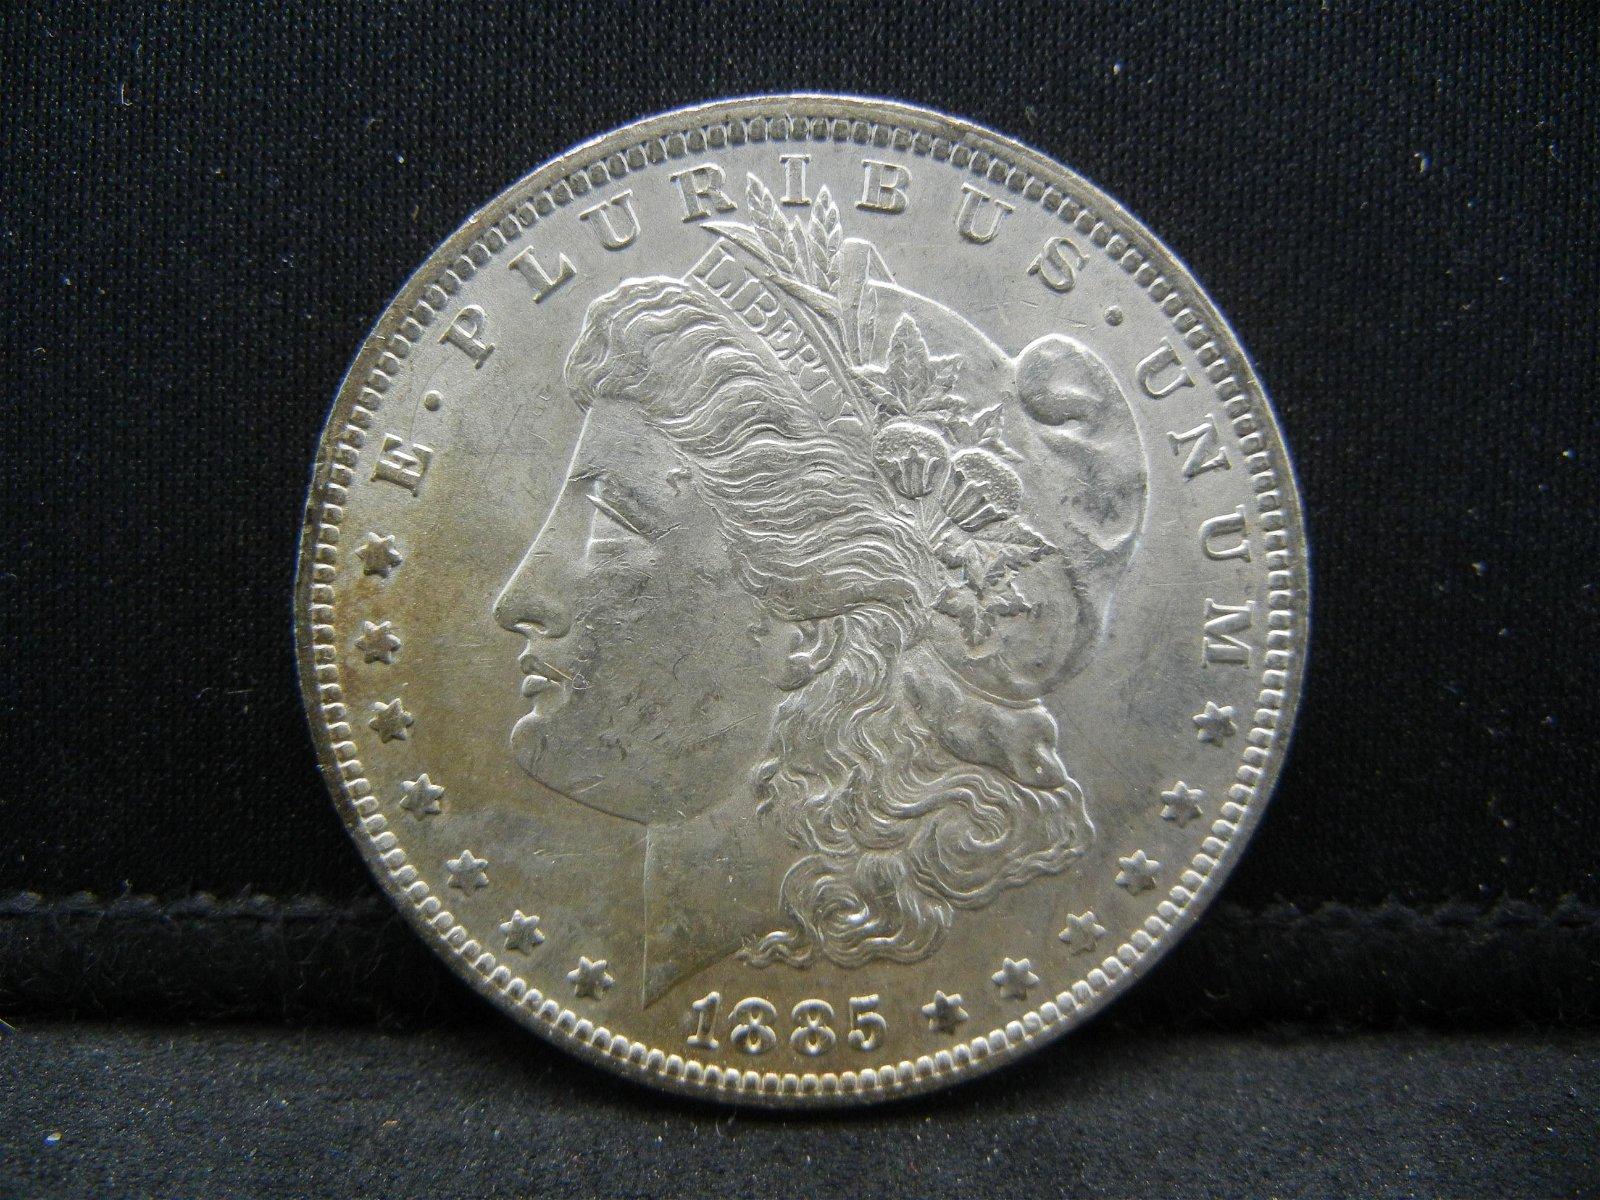 1885-O Attractive Morgan Silver Dollar. Very nice
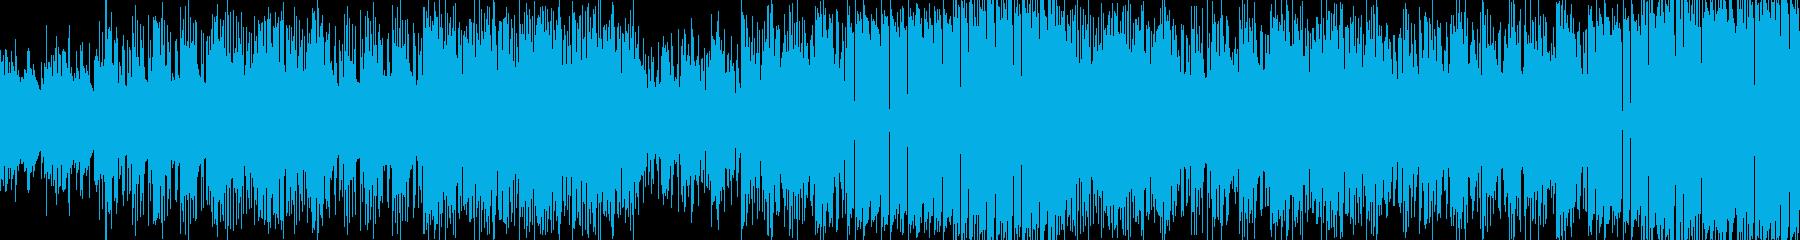 ミニマルエレピHipHop 説明動画などの再生済みの波形
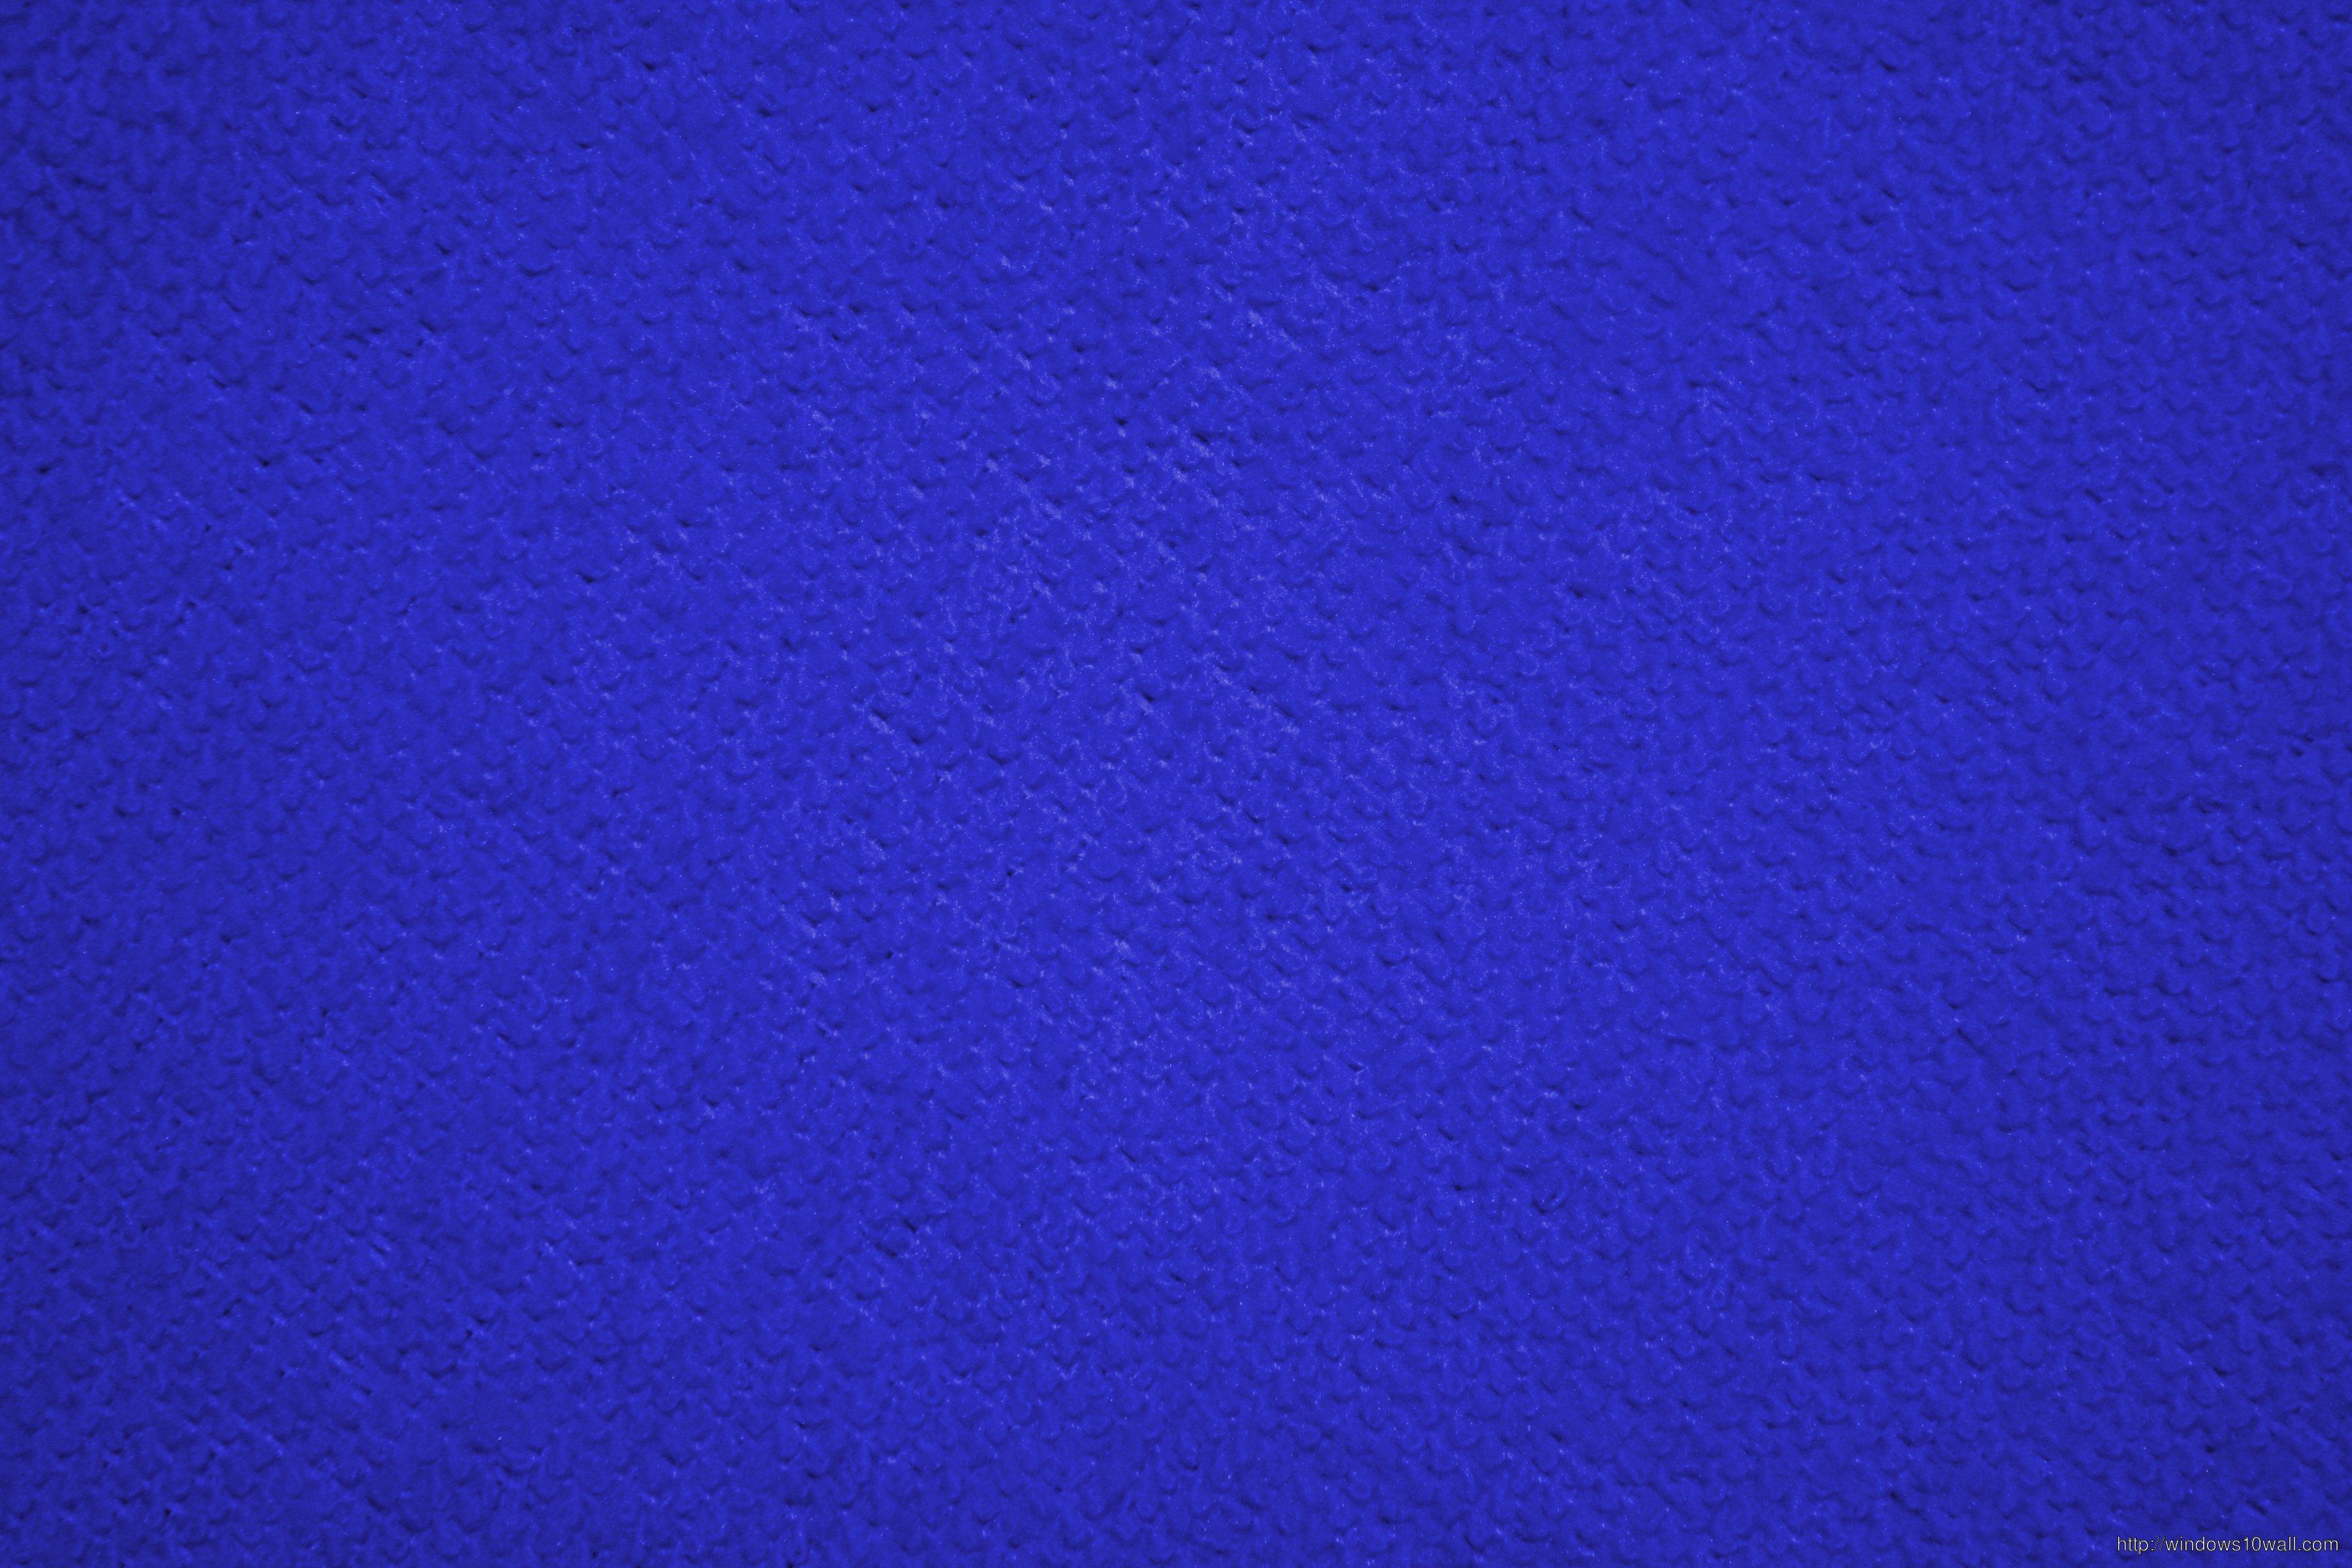 Cobalt Blue Abstract Wallpaper: Cobalt Blue Texture Background Wallpaper

---

# [Exercise objective]
Set down the material above word for word and skip its pictures.

# [Output]
 1885-O Attractive Morgan Silver Dollar. Very nice
 ミニマルエレピHipHop 説明動画などの再生済みの波形
 Cobalt Blue Abstract Wallpaper: Cobalt Blue Texture Background Wallpaper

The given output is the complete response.